ABOUT THIS EXERCISE » Given the entries below, would you transcribe exactly the lines starting at the one with "Wildlife Compendium of" and ending at the one with "An artistic rendering", both kept, pictures omitted, nothing extra?

EXCERPTED DATA »
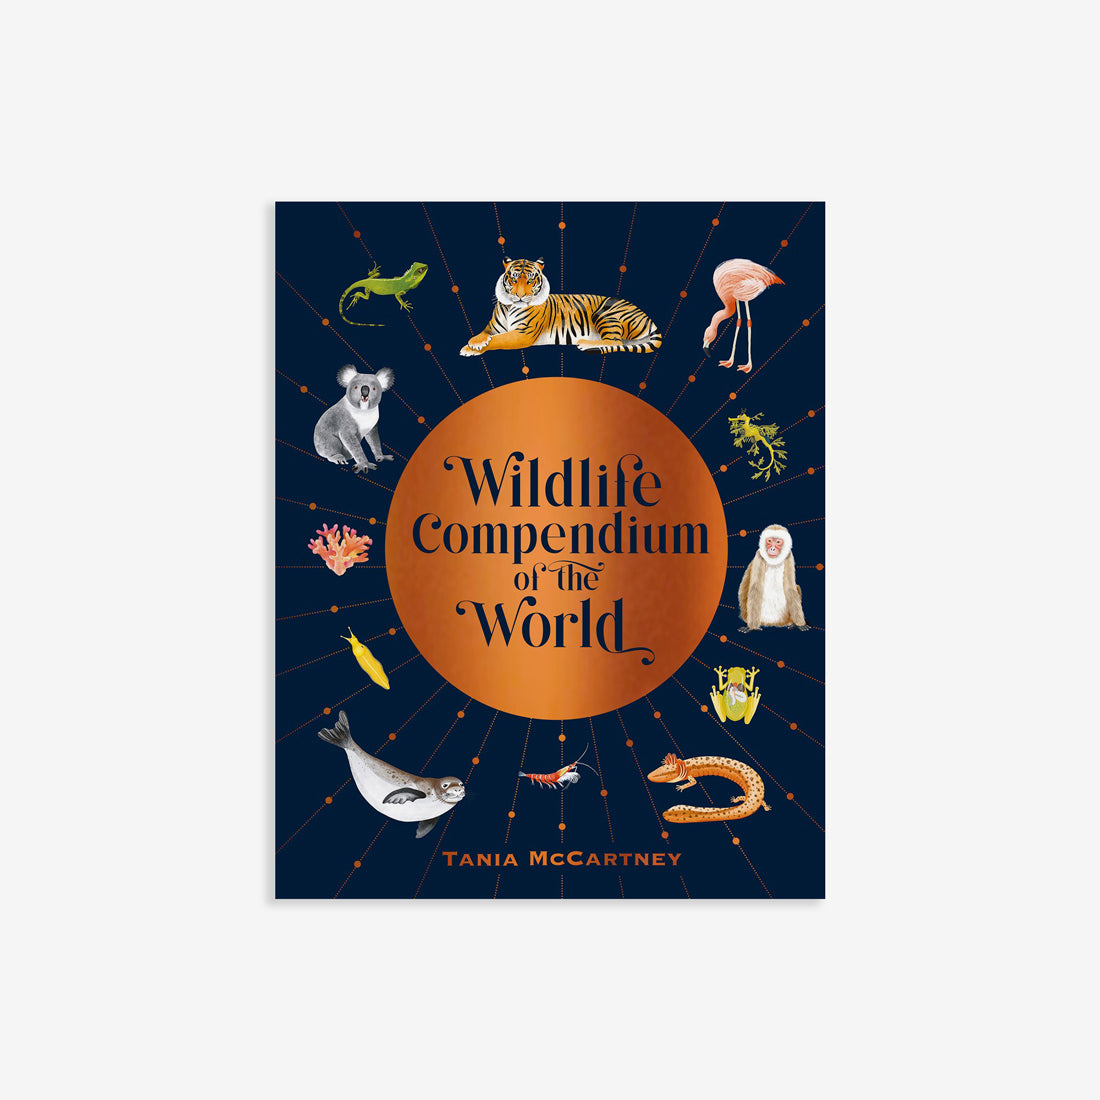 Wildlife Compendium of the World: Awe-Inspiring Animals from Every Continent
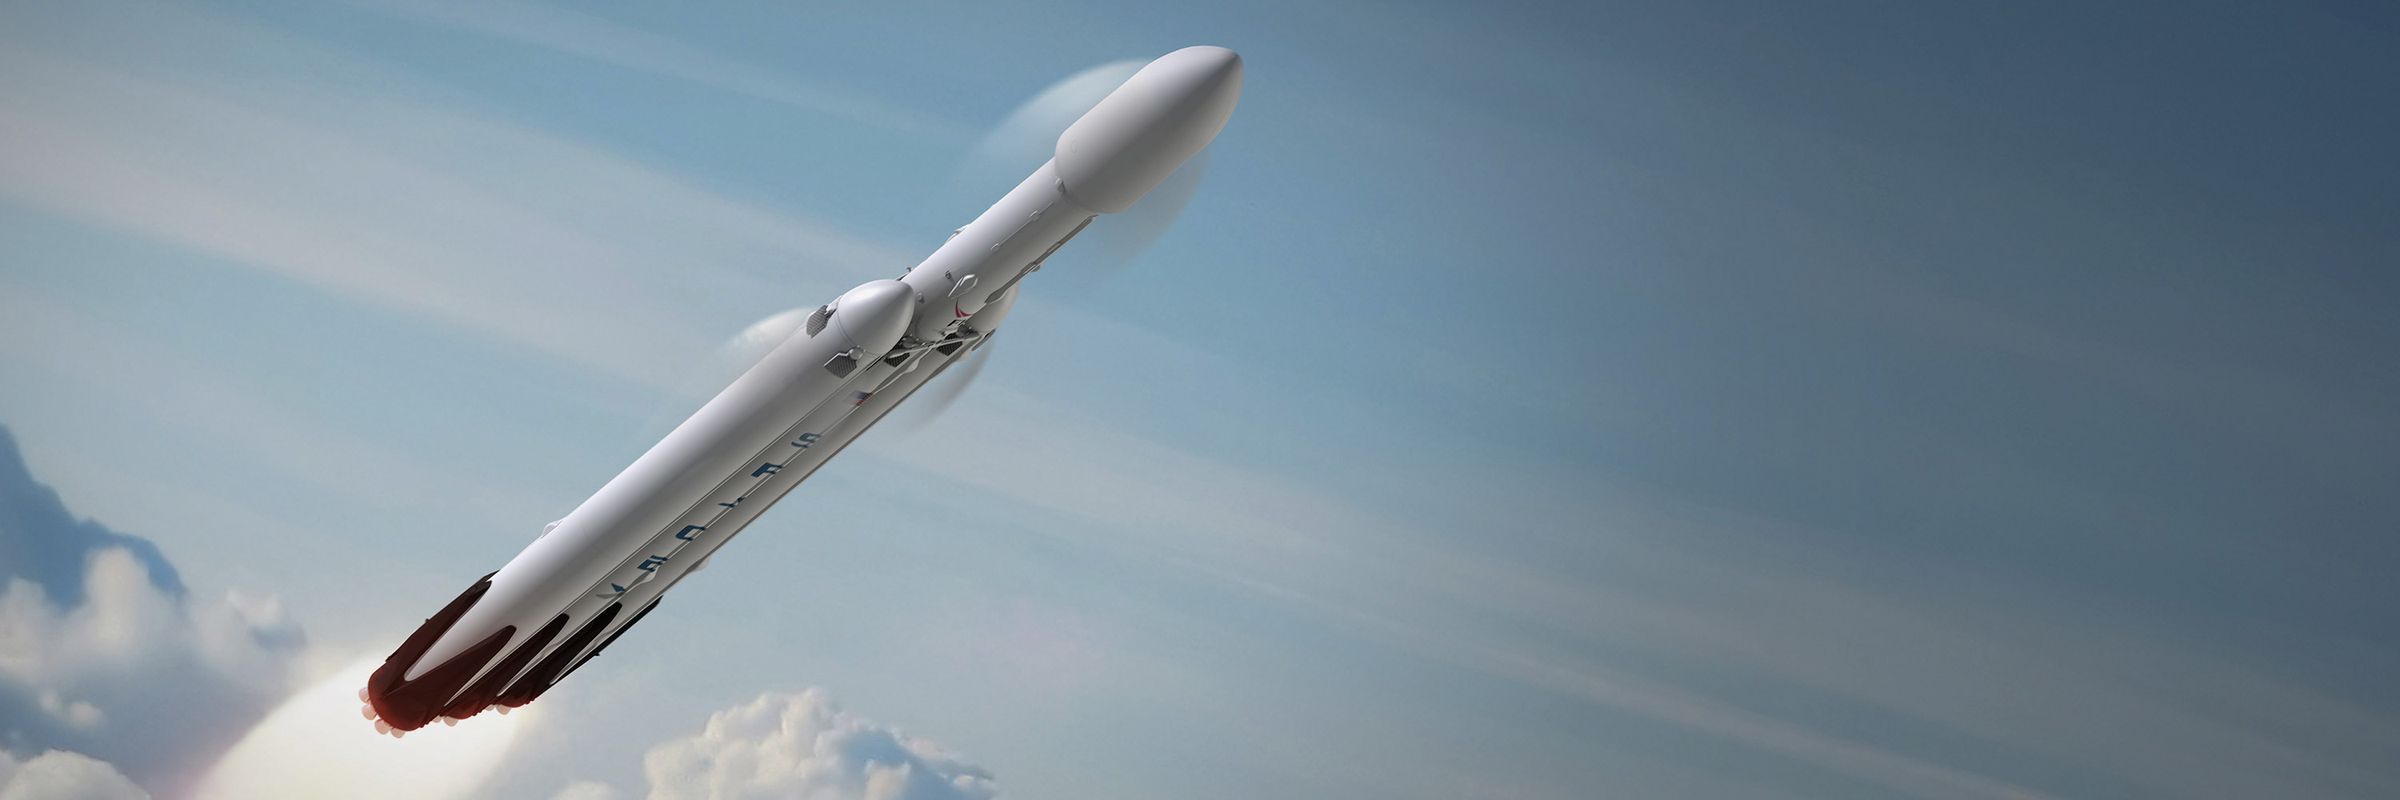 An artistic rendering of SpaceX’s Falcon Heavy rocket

==

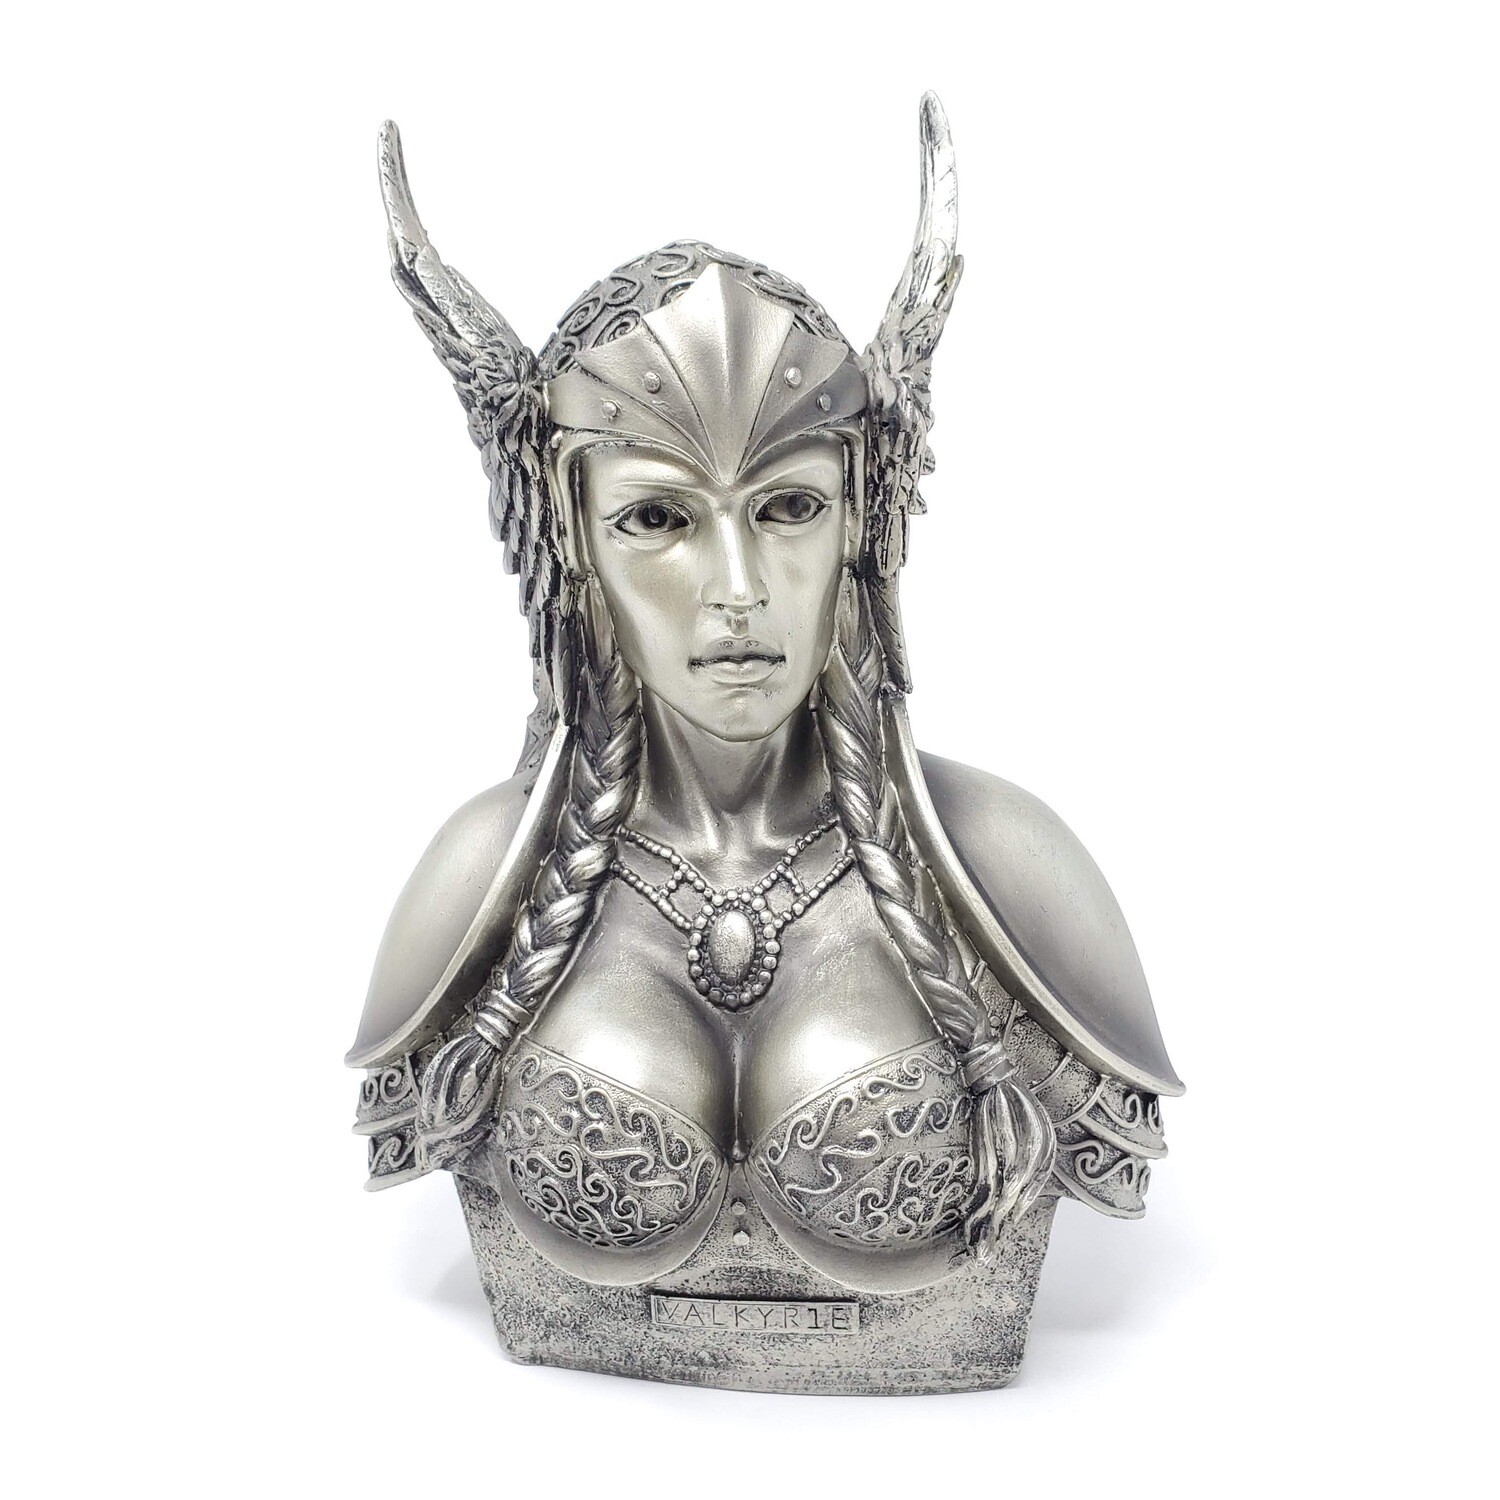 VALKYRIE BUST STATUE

==

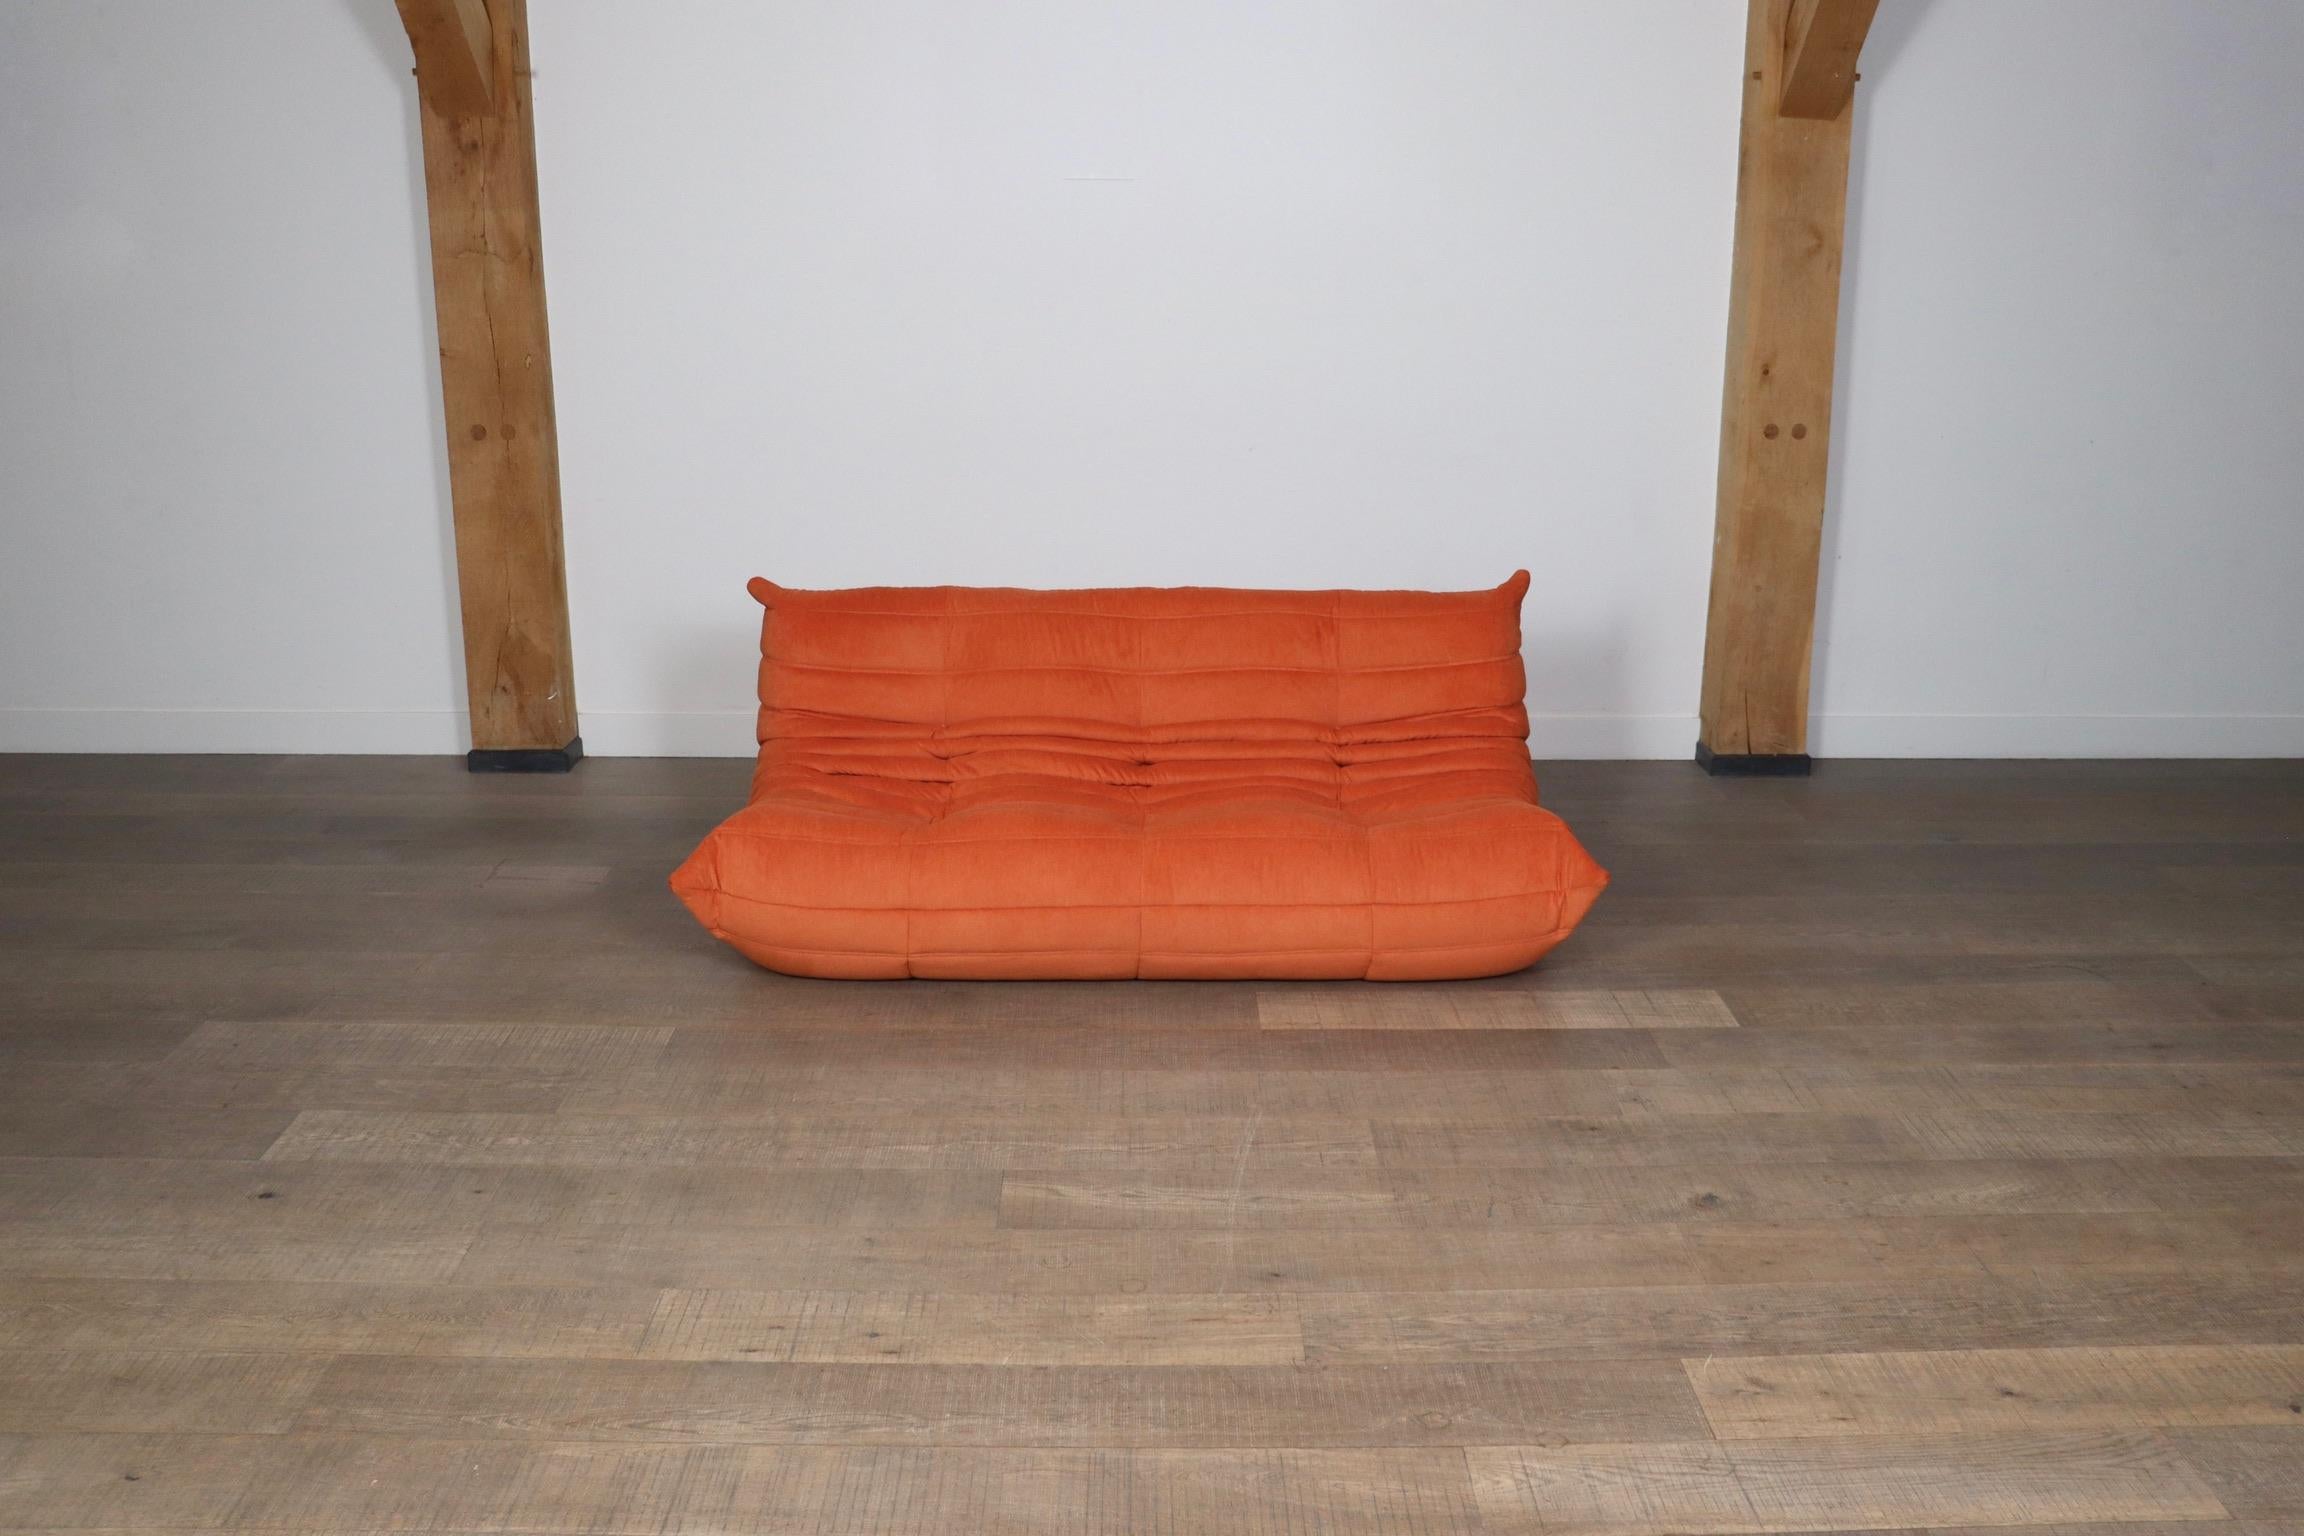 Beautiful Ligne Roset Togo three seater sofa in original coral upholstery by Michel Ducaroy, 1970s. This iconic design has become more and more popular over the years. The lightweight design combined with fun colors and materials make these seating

OUTPUT FOR THIS TASK »
 Wildlife Compendium of the World: Awe-Inspiring Animals from Every Continent
 An artistic rendering of SpaceX’s Falcon Heavy rocket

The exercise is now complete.